The Neil Gehrels Swift Observatory

Correcting Erroneous UVOT Frame Times and associated Timing Keywords

Affects all UVOT data from 2006-11-10T22:48:14 to 2006-11-22T19:57:00.

Some UVOT Data Produces Erroneous Fluxes/Magnitudes

From 2006-11-10T22:48:14 to 2006-11-22T19:57:00 the UVOT instrument was operating with a reduced hardware window, but not reporting this window size correctly in the telemetry. As a result, several important derived quantities, which depend on the CCD frame readout time, are reported incorrectly in the UVOT FITS science data files. This in turn ultimately affects the fluxes calculated from the UVOT rates.

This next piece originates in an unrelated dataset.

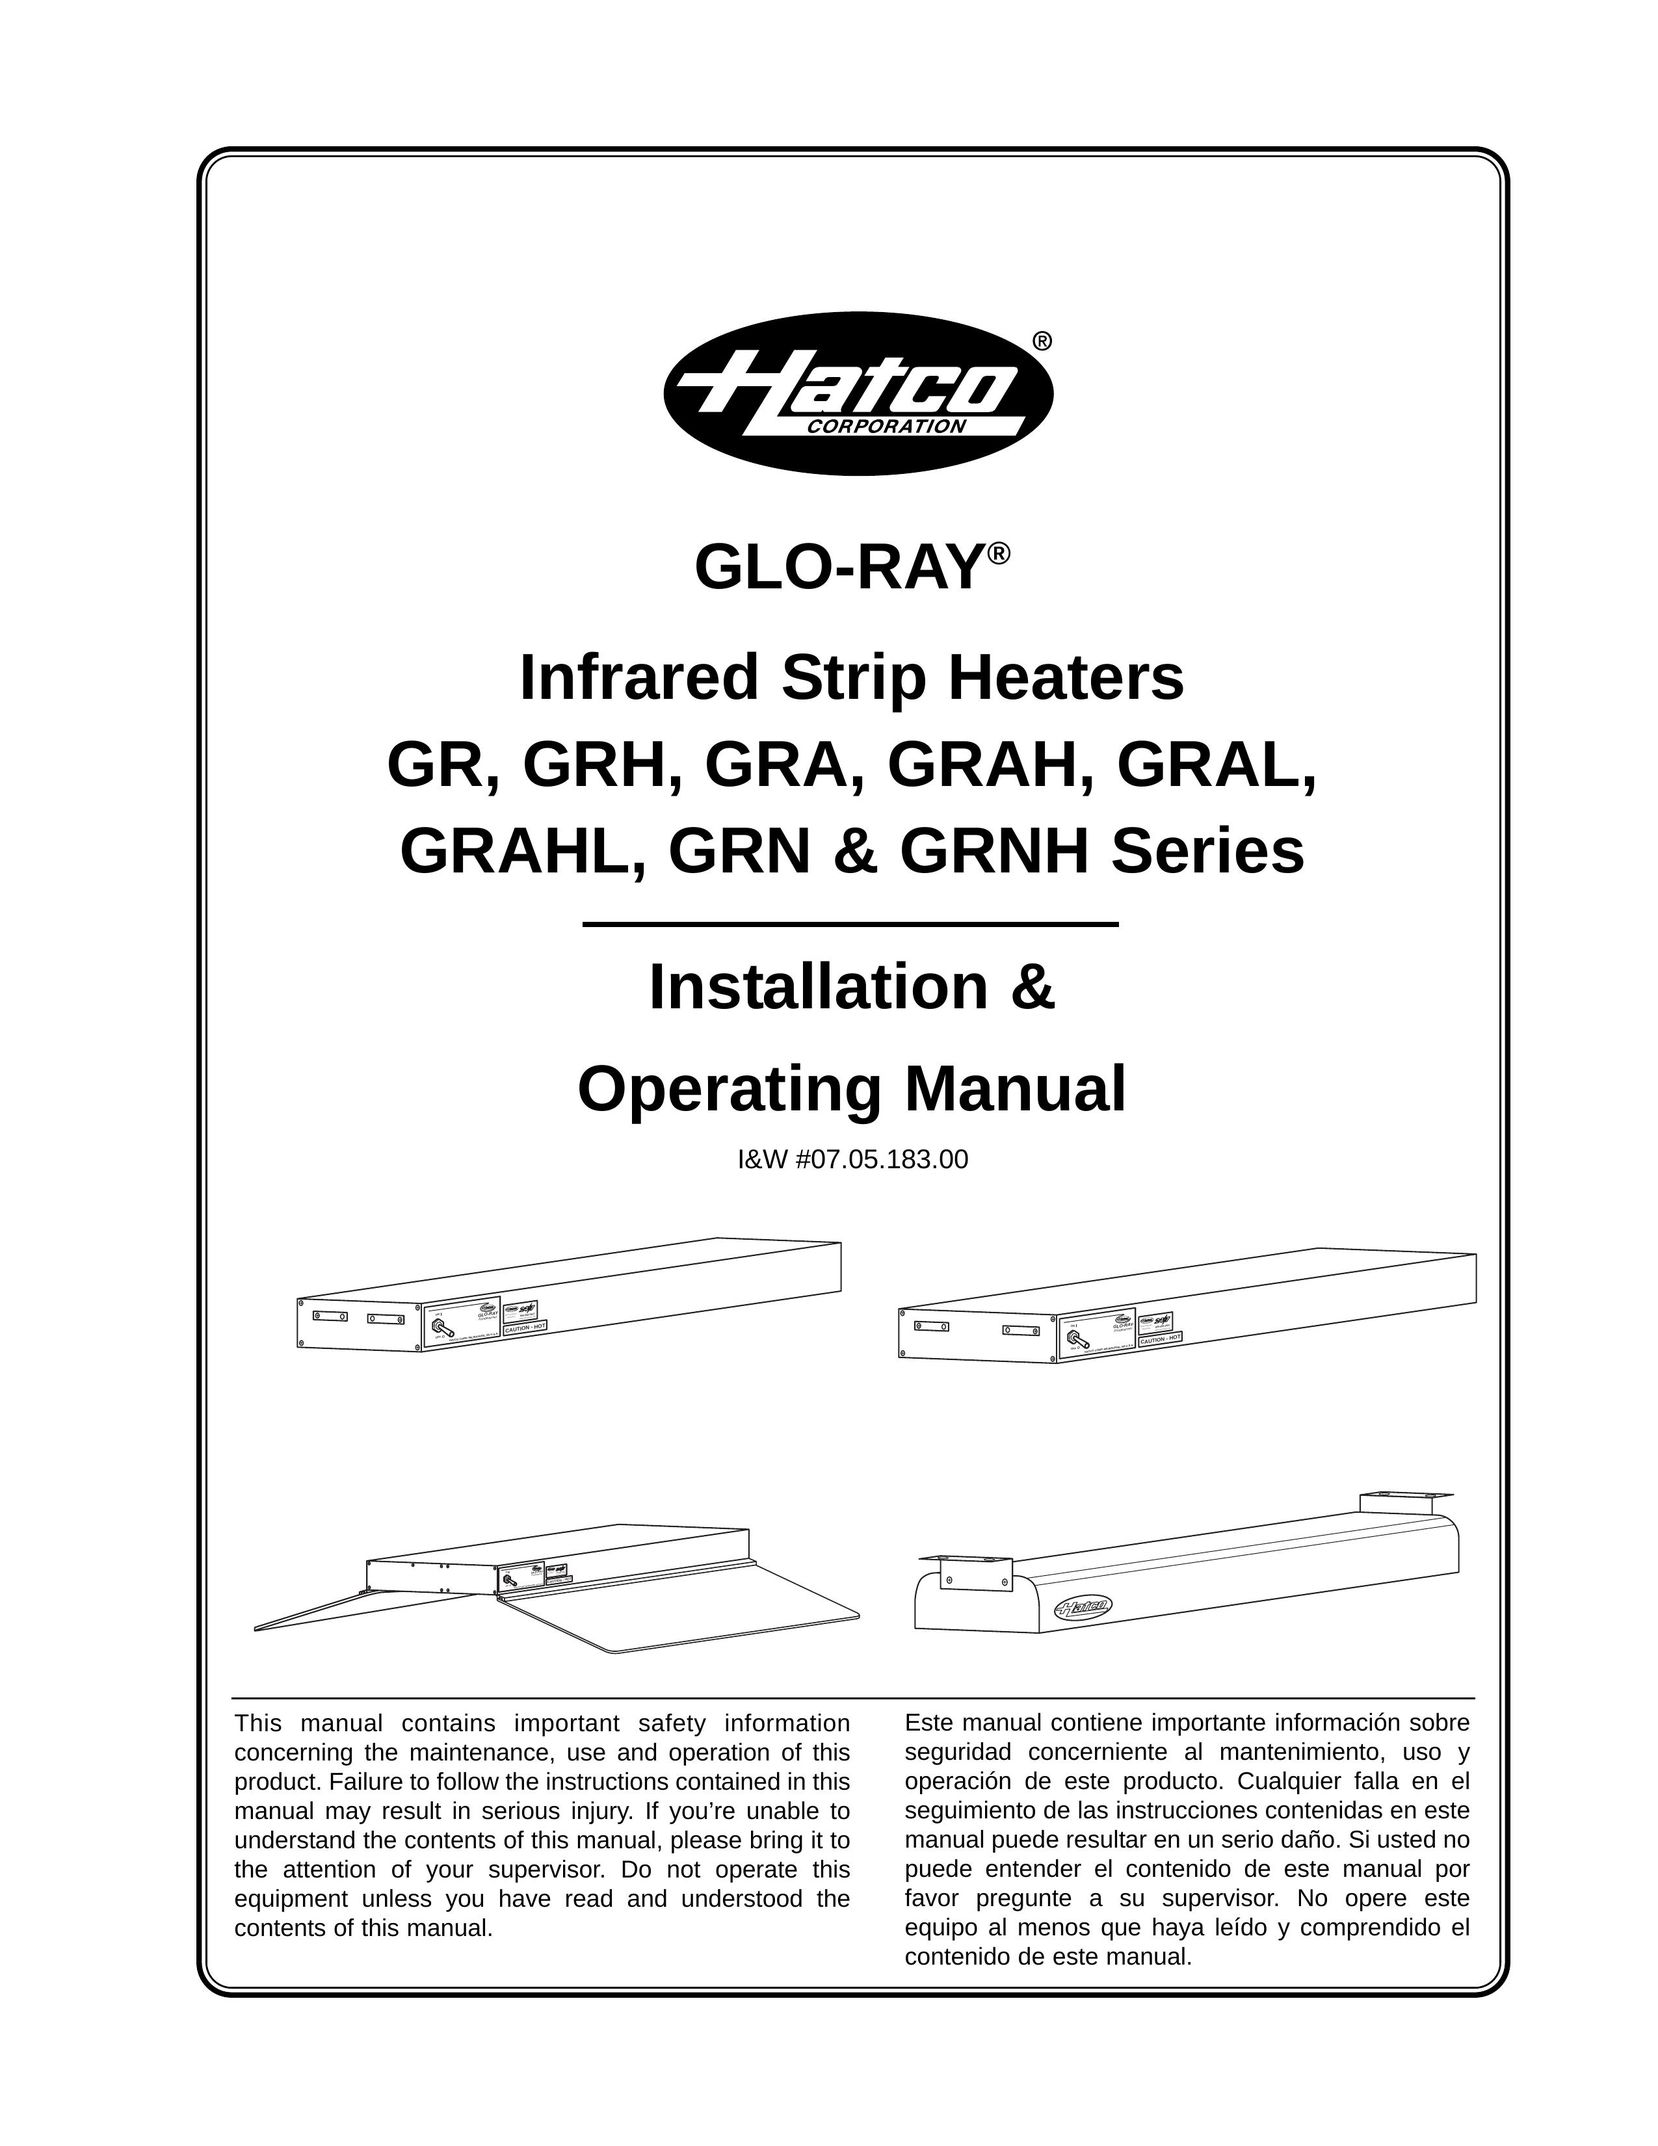 Hatco GRAL Printer Accessories User Manual

The problem began when an autonomous GRB exposure interrupted a pre-planned science observation in which the UVOT camera was in a hardware windowed (as opposed to full frame) configuration, encountering a previously unknown bug in the UVOT flight software. This bug has been identified and will be fixed in the next UVOT flight software release (no earlier than February, 2007).

For observations commanded to be full frame, the problem can be noticed by inspection of the images. Only approximately 2/3 of the expected field will be visible in a 2048 x 2048 image (which will contain data only in the inner ~1530 x 1530 pixels.) This appears as an empty frame around the data area in raw images.

Raw and Sky images of hardware-clipped UVOT data

Consequences of the bug:

Certain uvot analysis routines rely on an accurate value for the UVOT camera CCD frame read-out time to calculate associated time keywords and values.

Exposures reported for TDRSS "genie" finding chart images are overestimated by a factor of 1.3. This is because the frame time and number of frames are used to calculate the exposure. An erroneous value of 131 seconds for the first 100-s UVOT finding chart was reported in a recent initial GCN Circular (5795).

For Malindi data, count rate corrections for deadtime and coincidence loss, which depend on the frame time, are applied incorrectly in the pipeline, and will result in erroneously bright fluxes and will be especially obvious for the brighter stars in the field. The above factor of 1.3 does not apply to the Malindi data products because exposures are calculated from additional information that is available only in the full telemetry.

Work-arounds:

The following two steps provide a workaround for the incorrect frametime and deadtime.

We recommend adopting the frametime of 0.0083 seconds for the affected observations.

Note that the exposure time deadtime correction is never more than a ~1% effect, whereas the coincidence loss overcorrection (i.e. not supplying the correct frametime to UVOTMAG) can be a 20% or higher error for bright stars.

Plan to Correct Affected Observations

The affected observations have been reprocessed and added to the Swift Data Archive.